Das lamas resultantes da extracção em duas fases Giannoutsou e colaboradores (2004) apenas procuraram conhecer a diversidade em leveduras não tendo efectuado estudos para determinar a abundância dos diferentes grupos do microbiota.

4. Conclusões

Este trabalho revelou uma elevada abundância de microrganismos nos três pontos de amostragem de águas residuais, sendo o seu número particularmente e significativamente elevado nas águas de lavagem.

A campanha de extracção não influenciou a abundância dos grupos microbianos amostrados. O período da campanha em que as amostras foram recolhidas afectou as contagens de formas distintas.

No início das campanhas, as populações estavam presentes em números elevados que decrescem a meio da mesma, como consequência provável da laboração nesse momento ser mais intensiva. As populações de heterotróficos, fungos filamentosos e leveduras, tendem a mostrar uma recuperação no final das campanhas de extracção, como resposta adaptativa ás condições do meio ambiente.
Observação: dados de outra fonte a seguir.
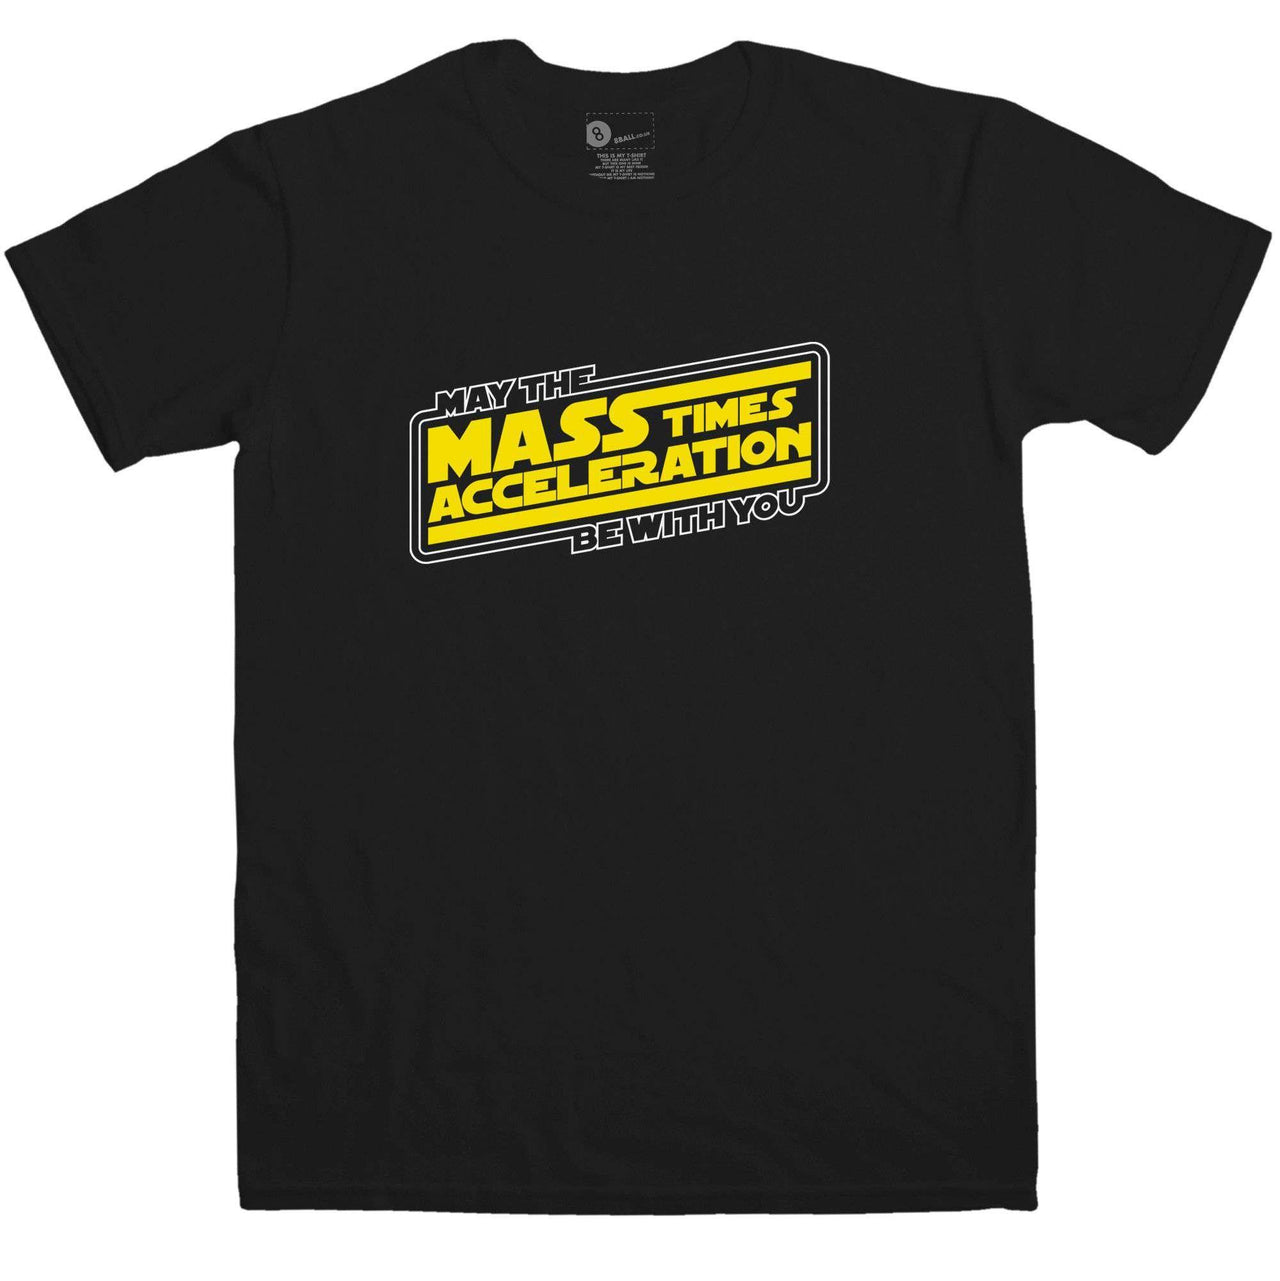 May The Mass Times Acceleration Be With You Mens Graphic T-Shirt 8Ball

As populações de leveduras e fungos filamentosos revelaram maior capacidade de resistir ao ambiente menos favorável, uma vez que as suas abundâncias, relativamente à população de heterotróficos, se mantiveram mais elevadas, dominando as contagens dos heterotróficos.

Não foi possível estabelecer correlações com significância estatística entre as populações microbianas investigadas, e os parâmetros físico-químicos medidos. No entanto, o aumento da carga orgânica, diminuição do pH e teor em oxigénio dissolvido, foram identificados como os factores físico-químicos que mais contribuíram para a diminuição das populações microbianas, e determinaram os diferentes equilíbrios entre elas.